In altri termini, le sanzioni previste dal GDPR in caso di violazioni dei dati attualmente costituiscono un deterrente alla notifica di un incidente di sicurezza informatico. Se da un lato ignorare la legge comporta le sue conseguenze, non avrebbe senso provare a giustificare una mancanza così evidente.
È altresì evidente come il legislatore, se vuole rendere il proprio strumento realmente efficace e costruttivo, dovrebbe cercare di sviluppare un sentimento di empatia con la potenziale vittima di un attacco informatico, per cercare di supportarla in un momento decisamente critico, tutelando al tempo stesso gli interessi dei titolari dei dati trattati.
Si tratta di un compito tutt’altro che semplice, soprattutto quando il fronte della minaccia informatica viaggia ad una velocità decisamente superiore rispetto all’evoluzione dei disposti normativi.
Cosa dovrebbero fare le aziende nell’ottica di risultare conformi
Parlare di attività preparatorie alla NIS2 non ha probabilmente senso. I tempi della sua adozione sono infatti ancora remoti e non si conoscono ancora i dettagli a cui bisognerà effettivamente rispondere.
Da un lato, una prima analisi sulla nuova direttiva lascia presagire un percorso di recepimento più semplice, in quanto il testo dovrebbe contenere un livello di dettaglio superiore rispetto alla versione originale, lasciando meno spazio all’interpretazione.
In attesa di conoscere quindi chi sarà effettivamente tenuto a rispettare i disposti della NIS2, è opportuno rilevare come molte delle sue disposizioni coincidano di fatto con quelle attività di cybersecurity che la maggior parte delle organizzazioni oggi dovrebbe attivare per garantire la sicurezza del proprio business e la protezione dei dati dei propri clienti.

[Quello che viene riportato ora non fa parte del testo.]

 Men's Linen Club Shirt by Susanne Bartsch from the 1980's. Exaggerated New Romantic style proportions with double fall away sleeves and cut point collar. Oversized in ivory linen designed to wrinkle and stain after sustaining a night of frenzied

La direzione a cui le aziende dovrebbero progressivamente tendere non dipende quindi strettamente dai termini che la legge stabilirà anche tardivamente, ma dovrebbe essere saggiamente orientata a favorire l’aumento dei requisiti minimi in materia di sicurezza informatica, con il relativo stanziamento di risorse economiche e di competenze necessarie.
L’obbligo, a maggior ragione in questo caso, dovrebbe essere innanzitutto interpretato come un buon consiglio, che vede l’esigenza di associare ad una condotta reattiva anche una componente proattiva, soprattutto nell’ottica che sarà sempre più difficile rimanere immuni rispetto all’offensiva dei cybercriminali.

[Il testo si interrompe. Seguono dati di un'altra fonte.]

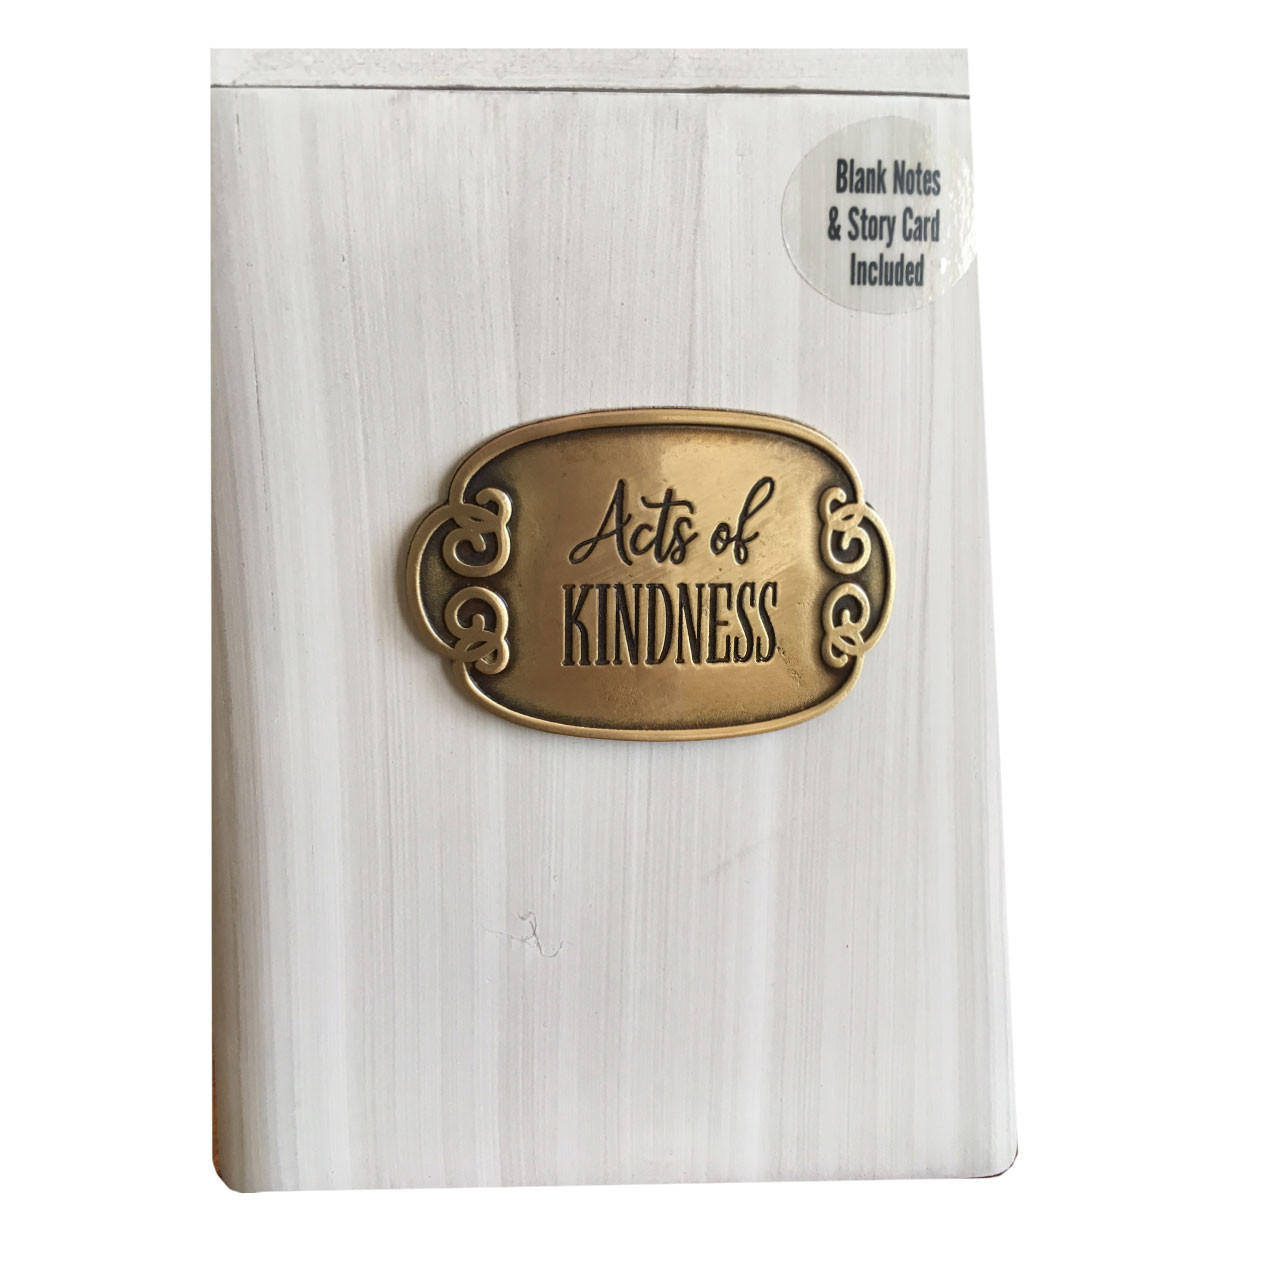 Acts of Kindness Box
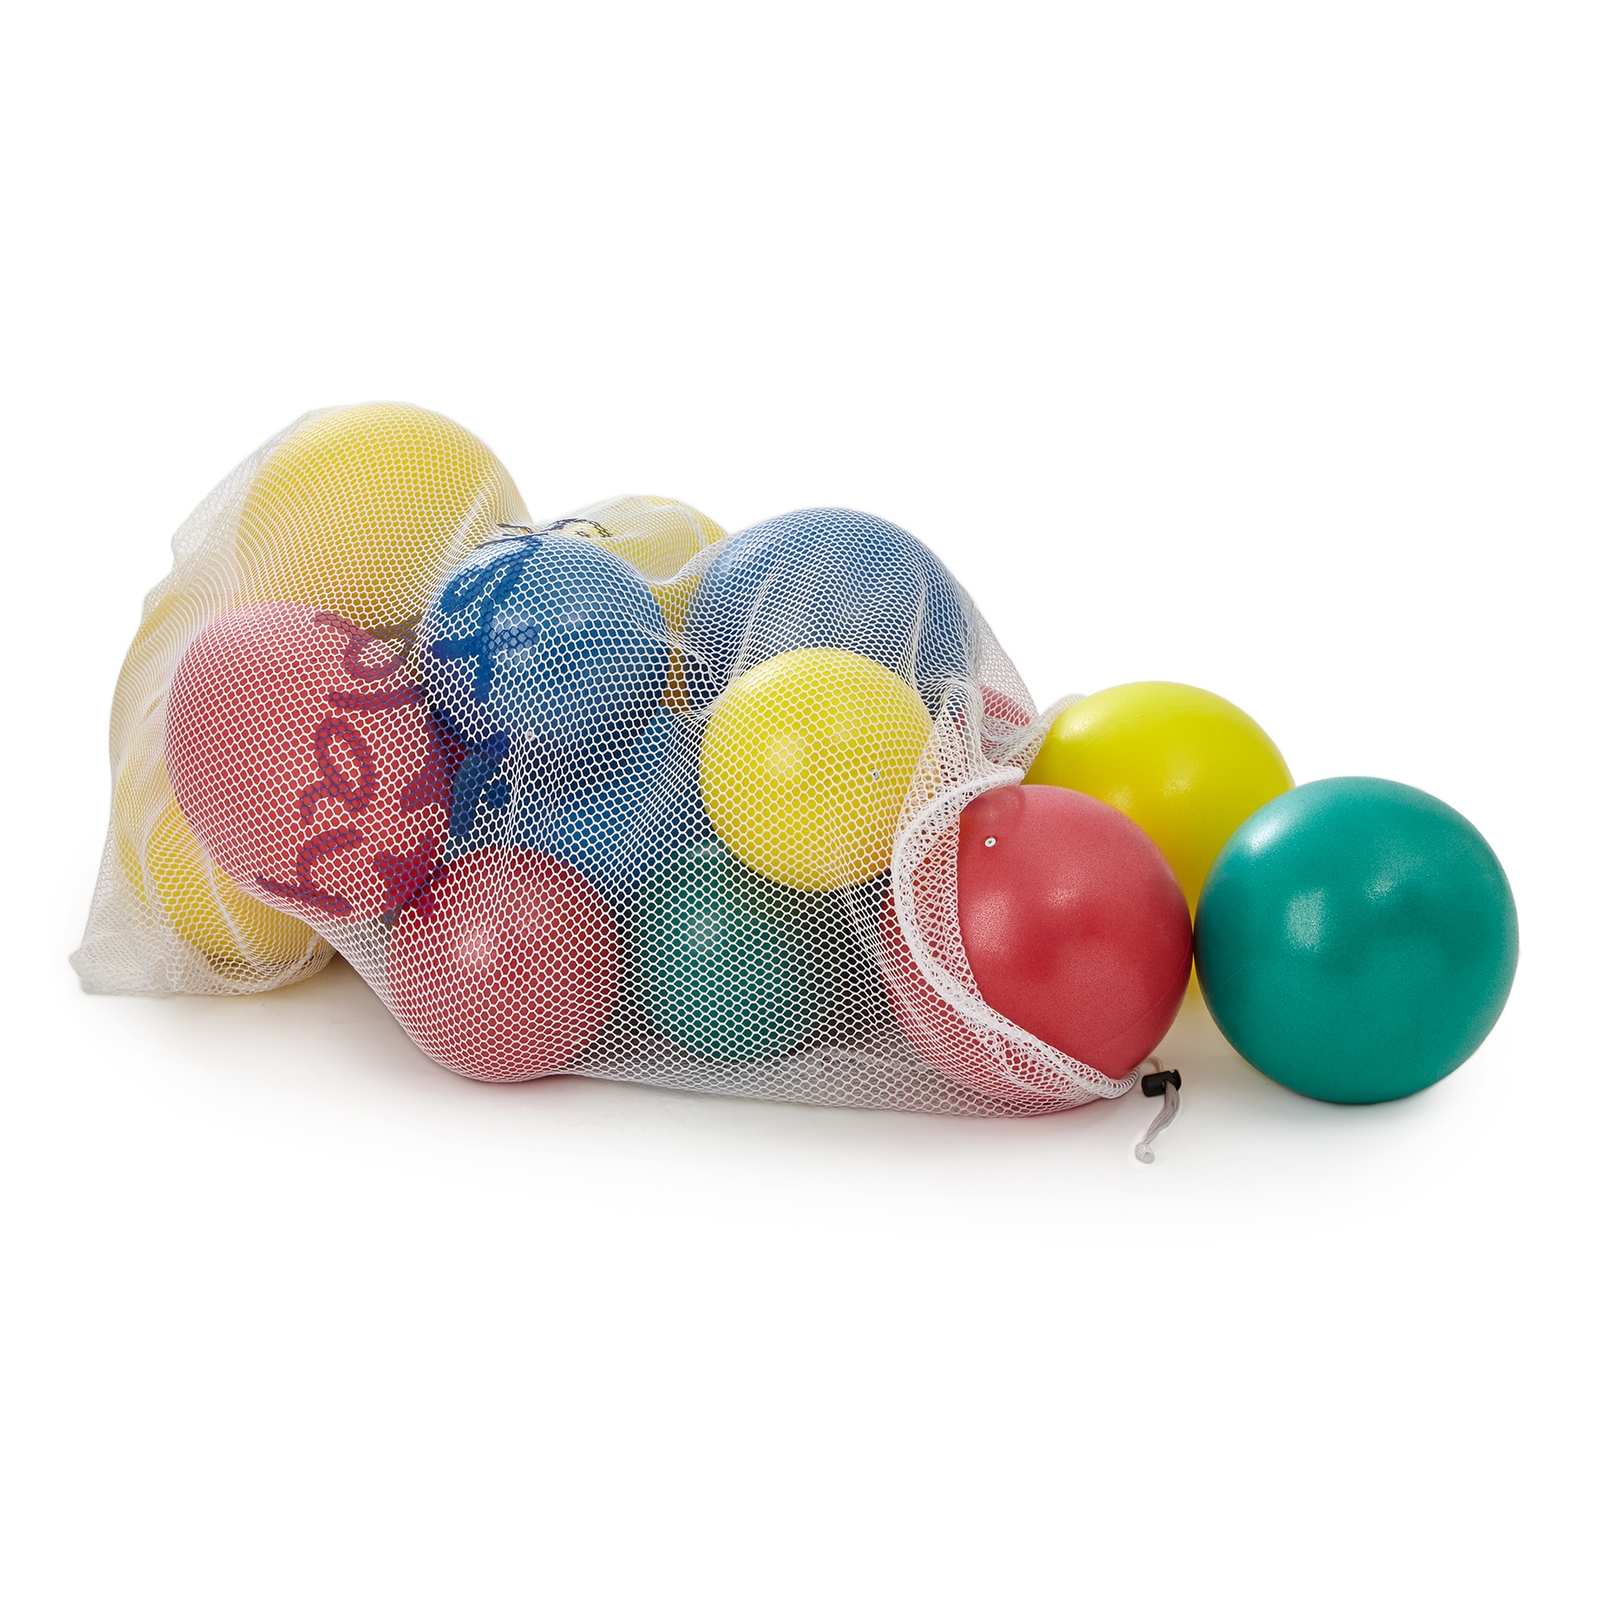 Bag of Mixed Sized Soft Balls - Assorted - Pack of 18

Saper identificare in tempi brevi la natura di un attacco e adottare le misure efficaci per mitigarlo costituisce un valore che va associato all’efficacia dei sistemi di cybersecurity e all’organizzazione dei propri dipendenti, che andrebbero continuamente formati affinché sviluppino e migliorino nel tempo un adeguato atteggiamento di igiene informatica.